Your copy of the lines below must match them exactly and contain no images.

* [SUPPLIED DATA]:

• • • • •

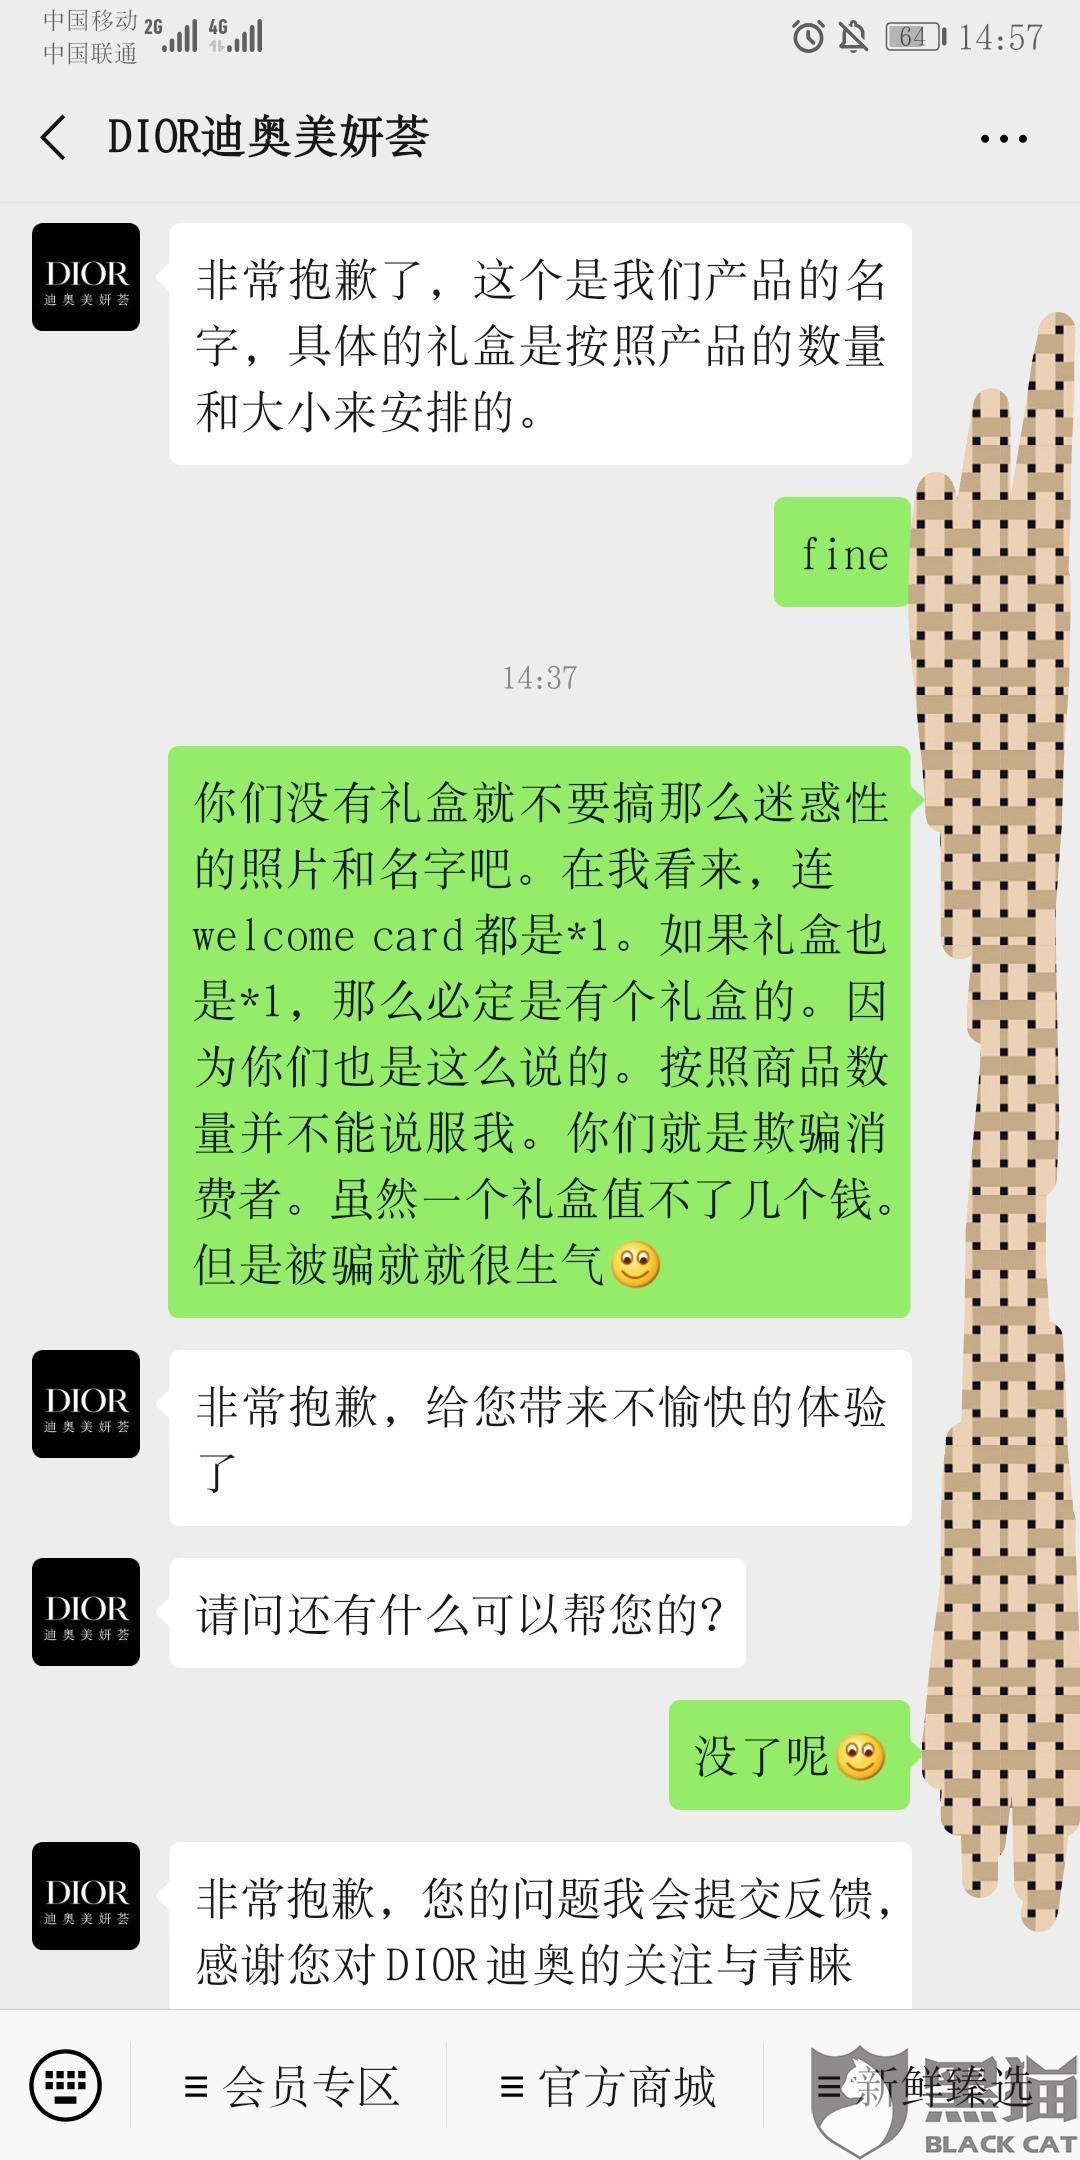 消费者质疑迪奥中国官网礼盒装产品虚假宣传 Dior(迪奥):已道歉
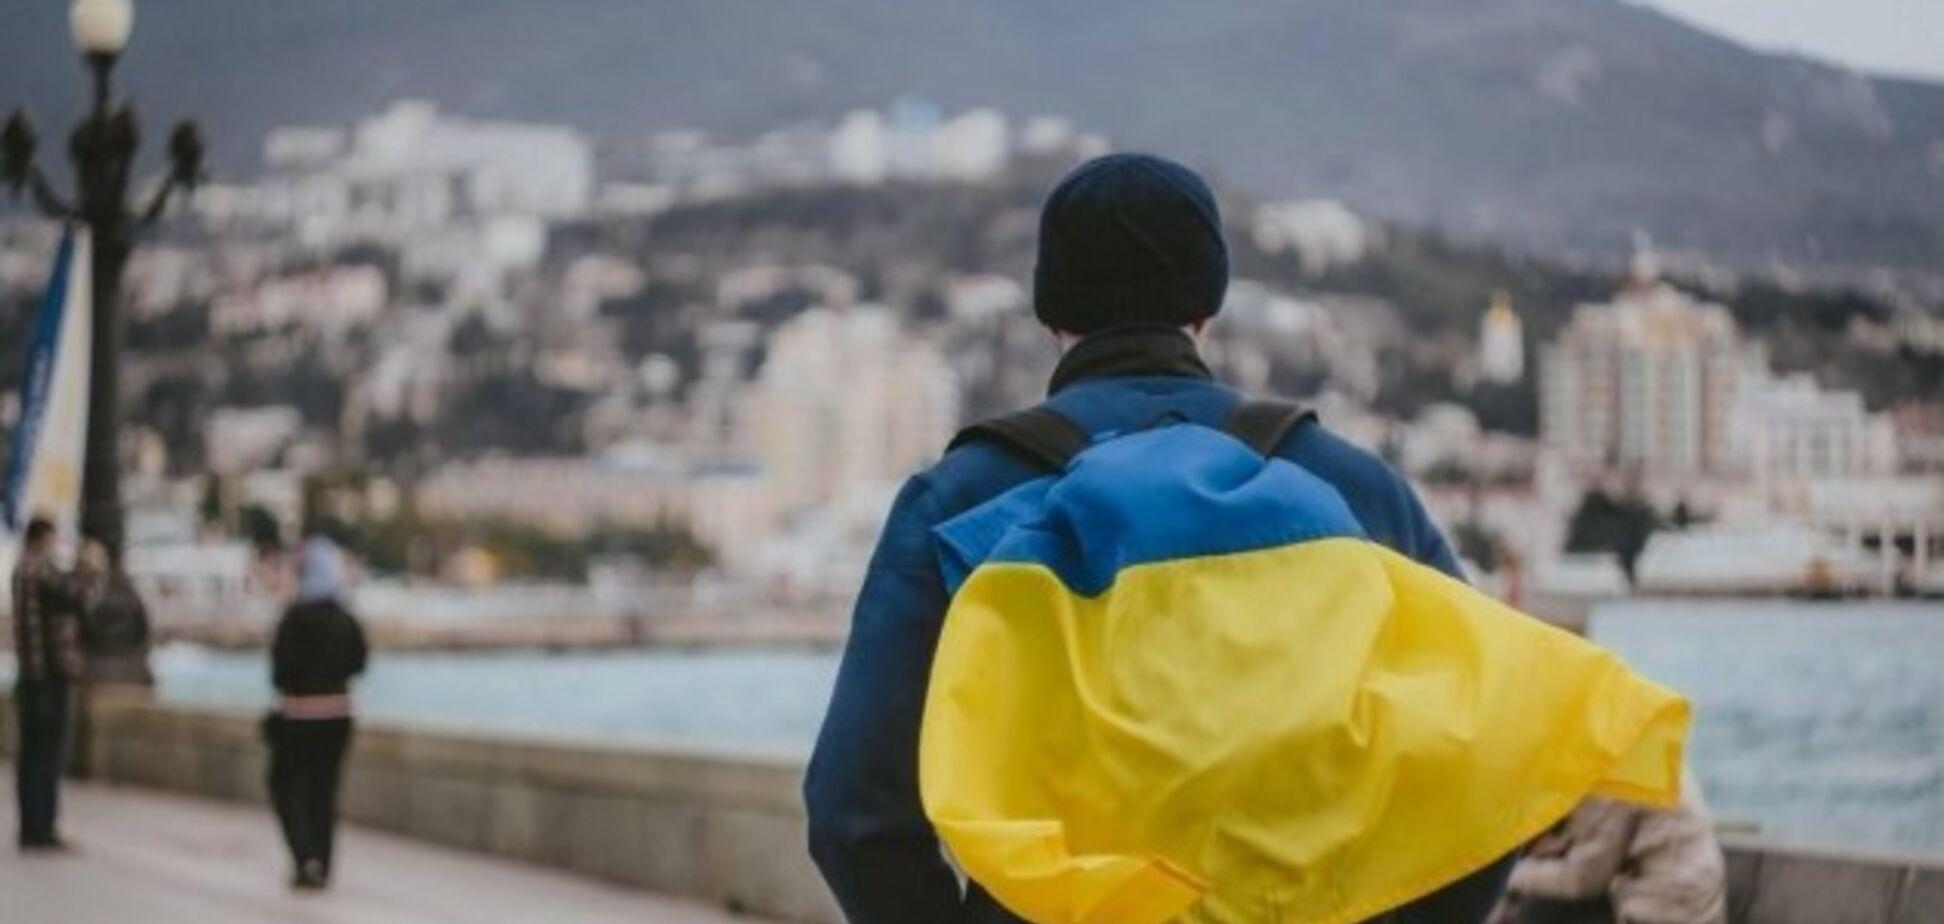 'Никогда не признаем!' Турция публично назвала Россию оккупантом из-за Крыма
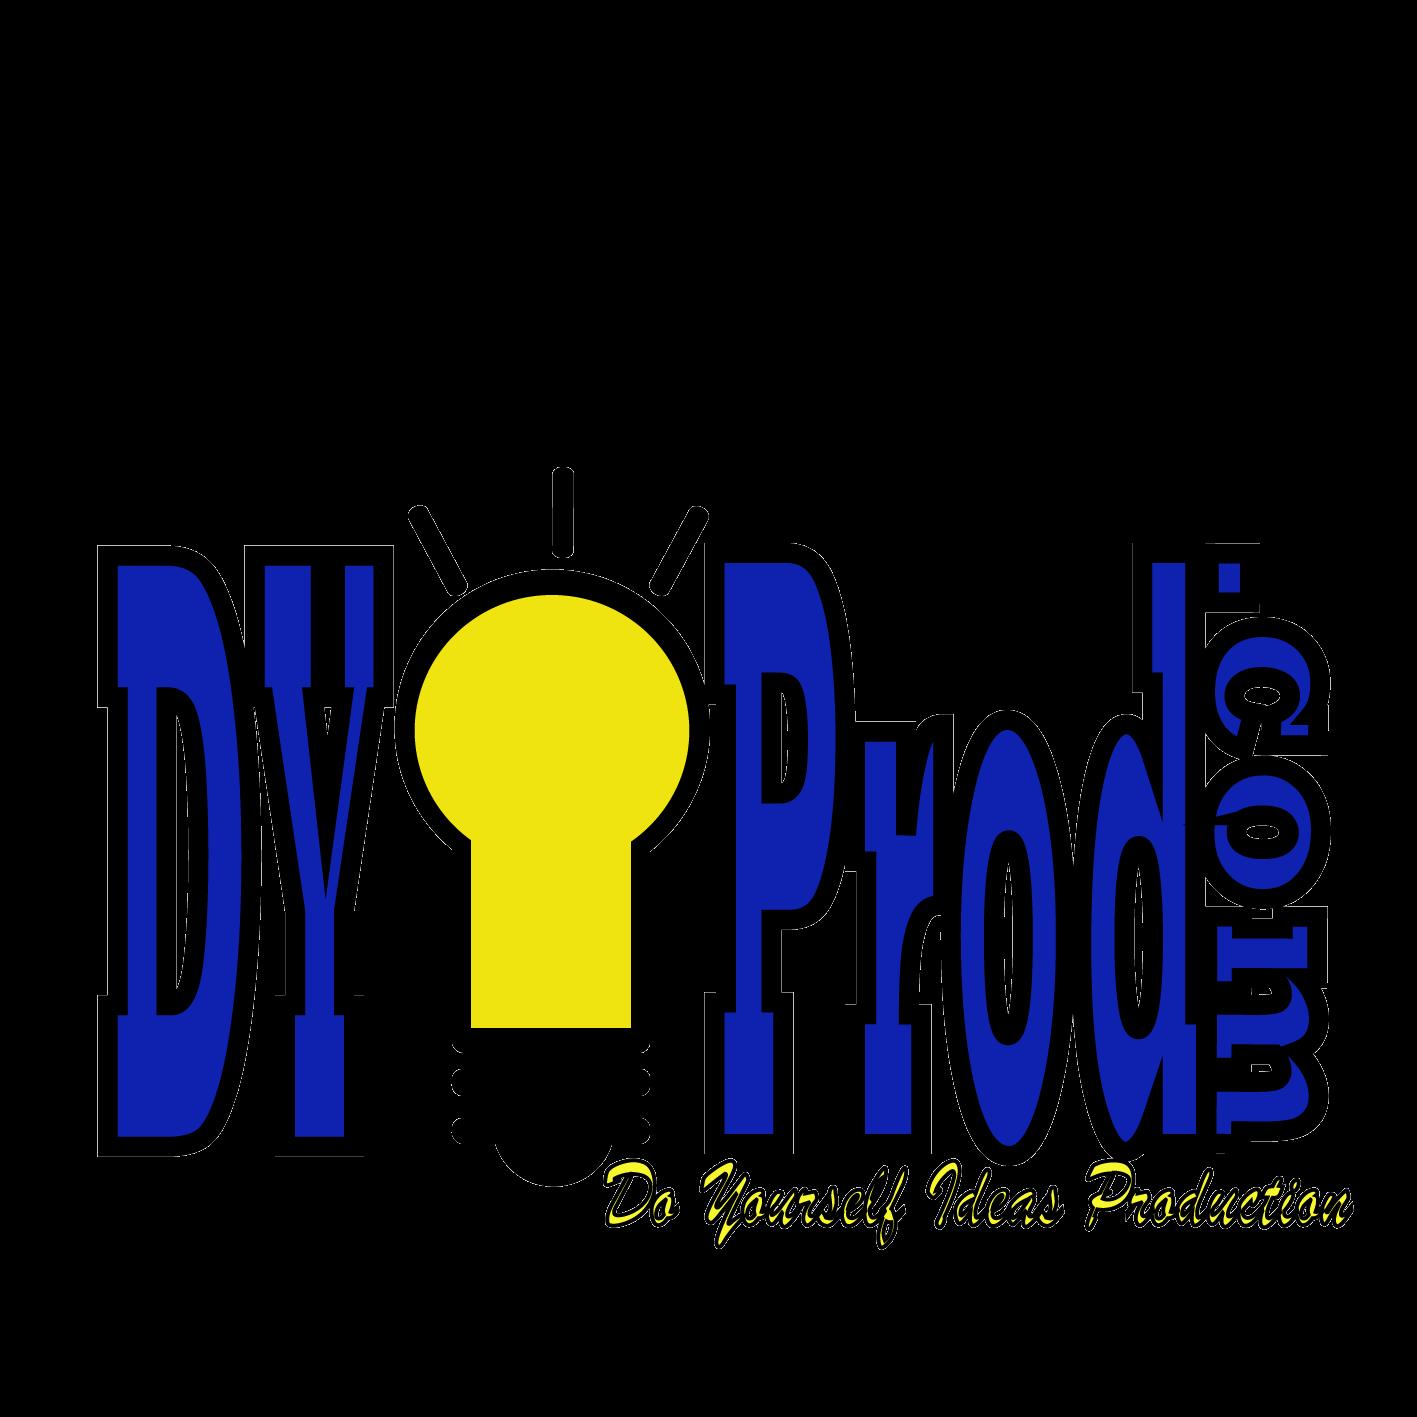 DyiProd Radio's

• • • • •

* [SOLVED EXERCISE]:
 消费者质疑迪奥中国官网礼盒装产品虚假宣传 Dior(迪奥):已道歉
 'Никогда не признаем!' Турция публично назвала Россию оккупантом из-за Крыма
 DyiProd Radio's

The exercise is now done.